▶ [About this exercise] Write out the lines of the material below exactly, beginning at the line with "The Grid Azura 2000" and stopping after the line with "Local Keyword Optimized", and leave out the pictures.

▶ [Given records]
+++

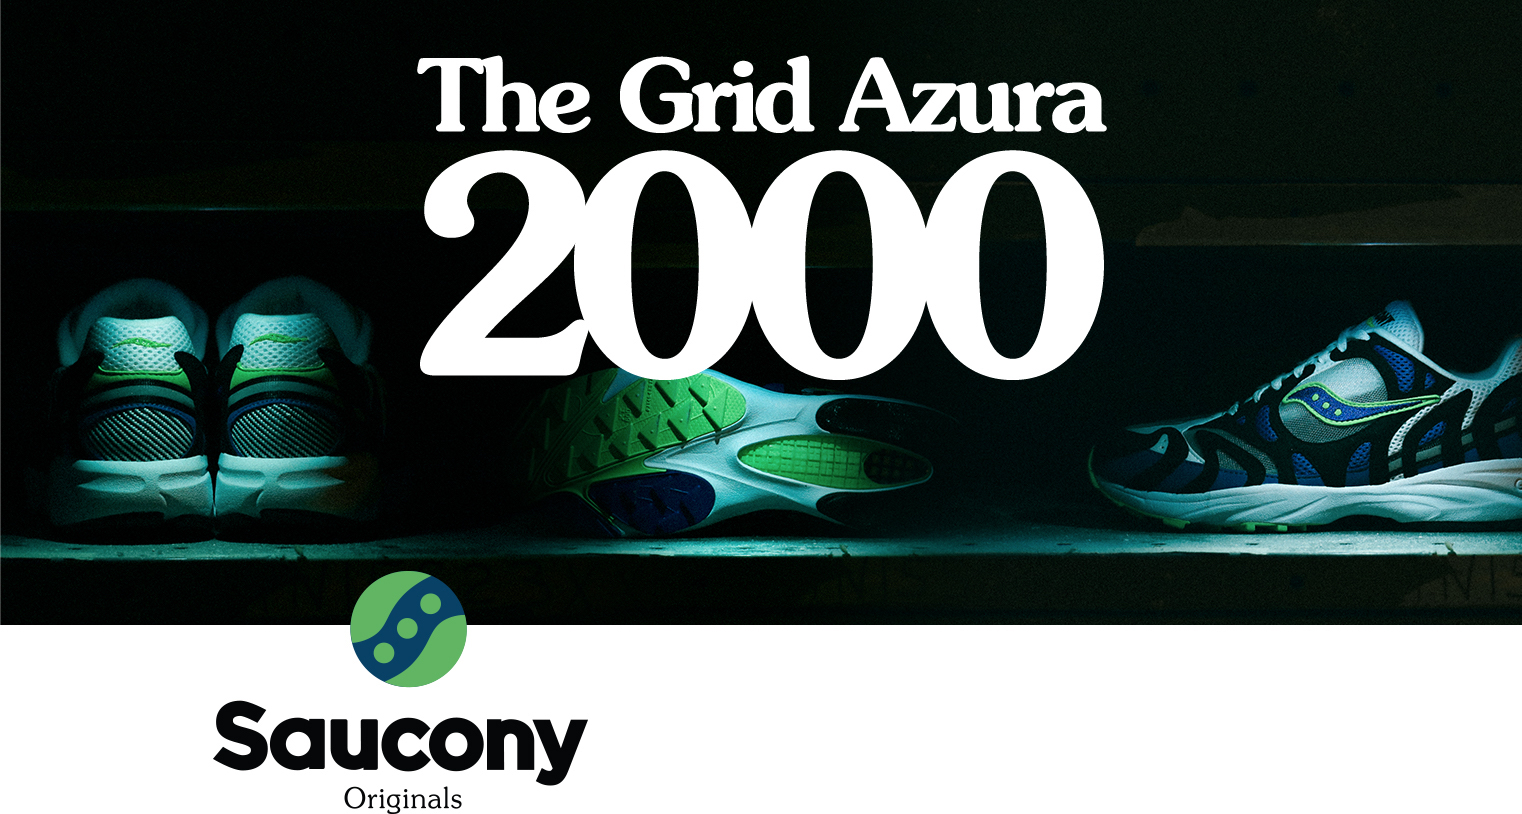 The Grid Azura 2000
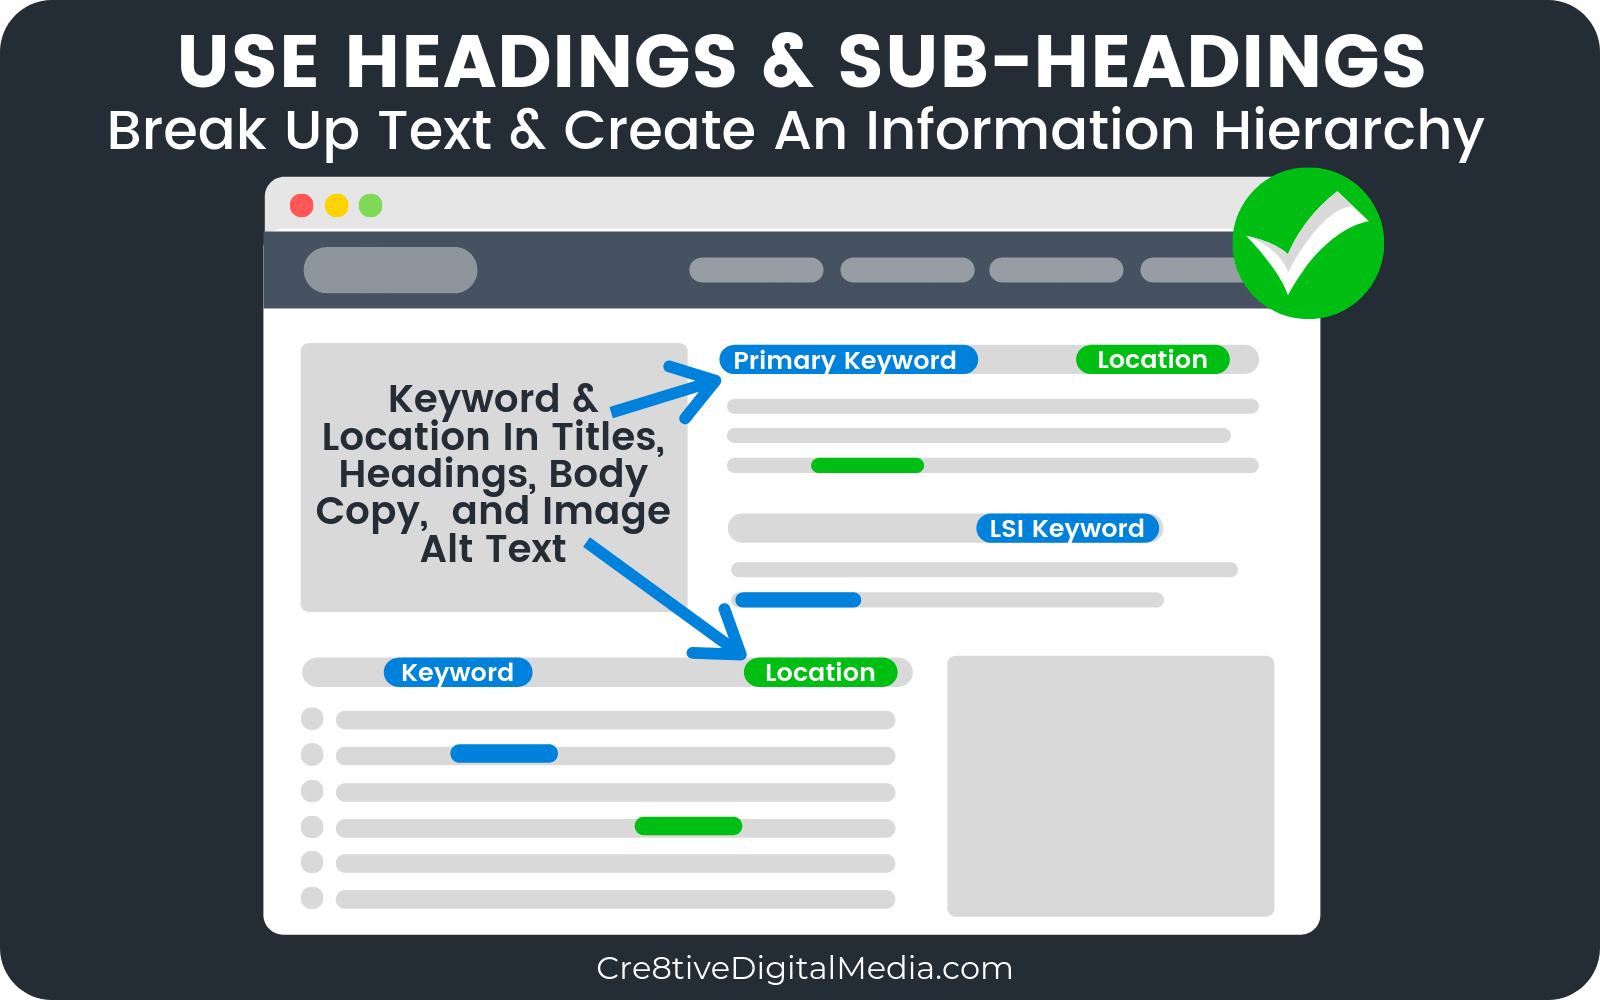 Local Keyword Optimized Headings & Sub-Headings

+++

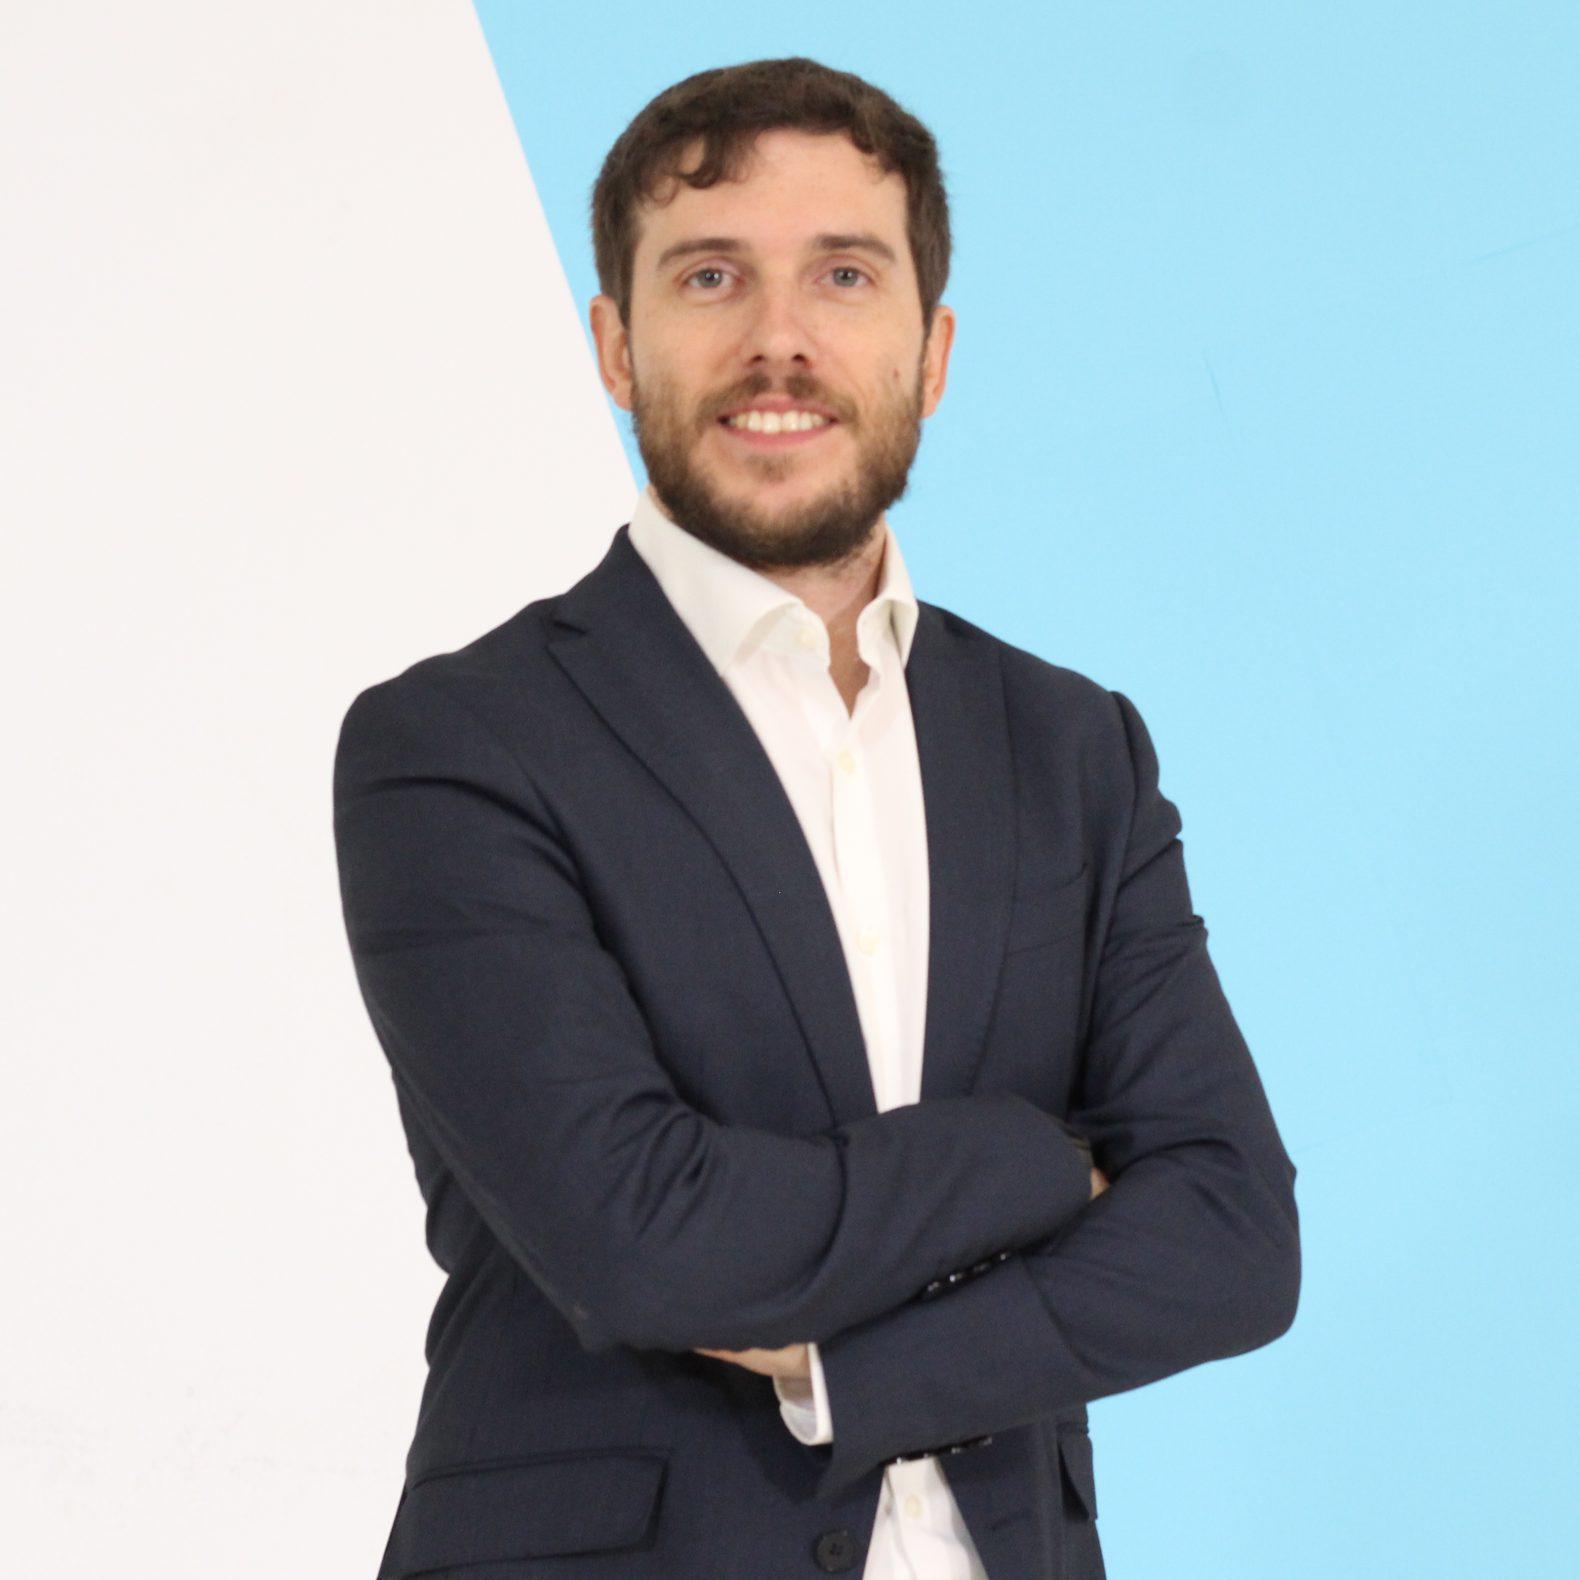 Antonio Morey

+++

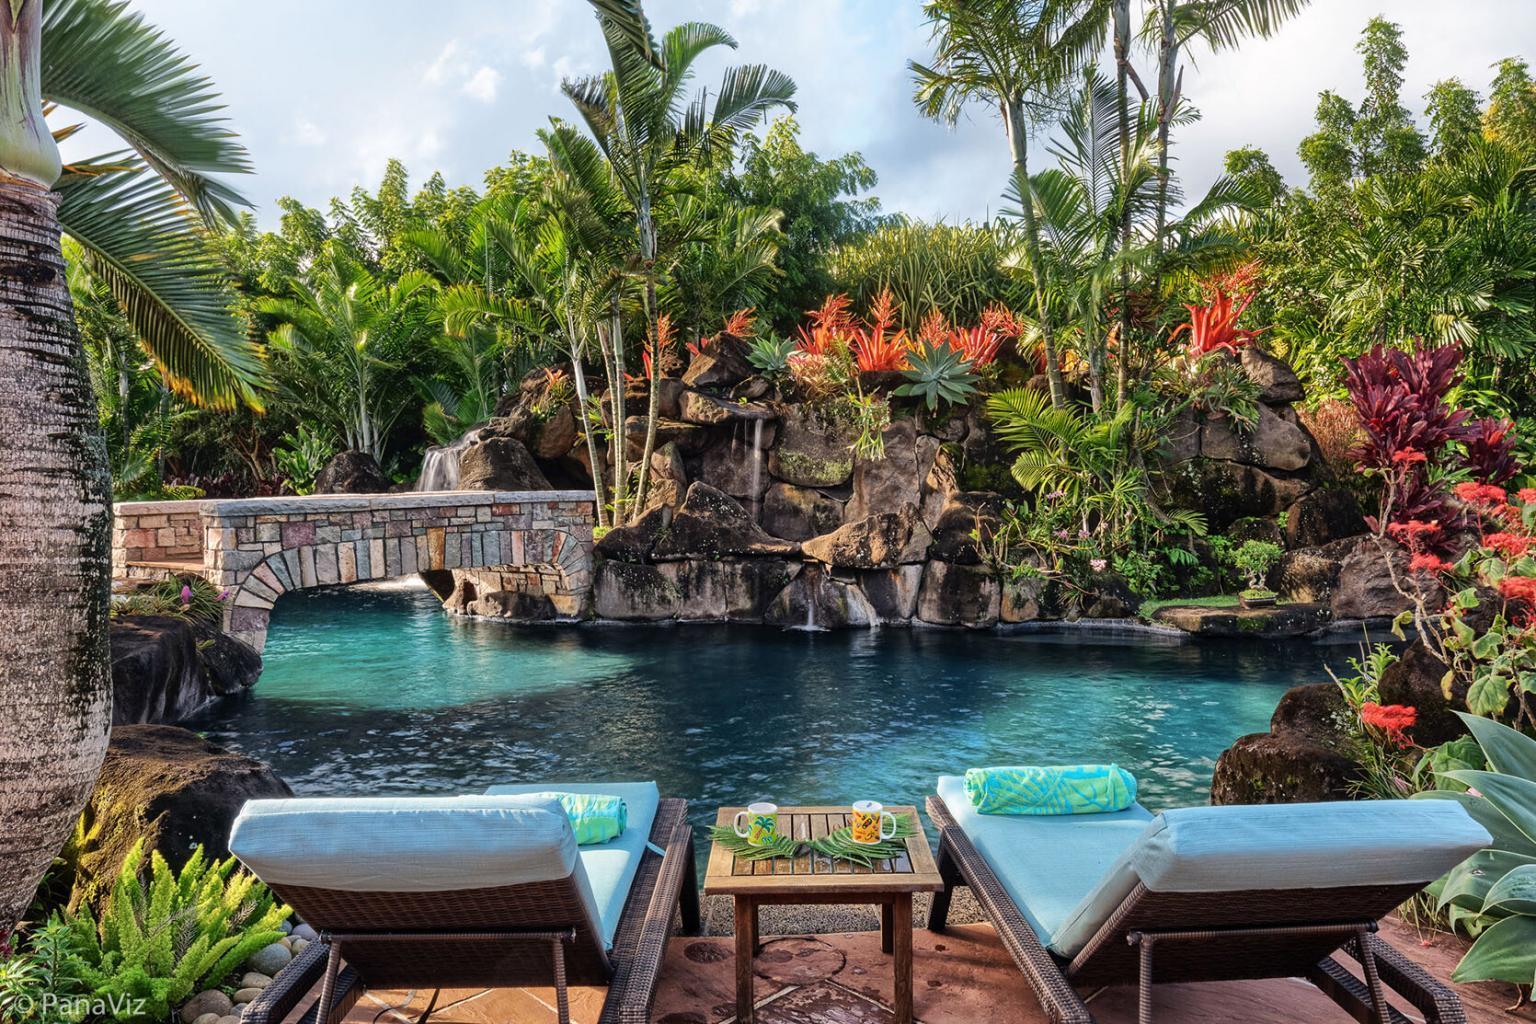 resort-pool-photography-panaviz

+++

▶ [Solved exercise]
 The Grid Azura 2000
 Local Keyword Optimized Headings & Sub-Headings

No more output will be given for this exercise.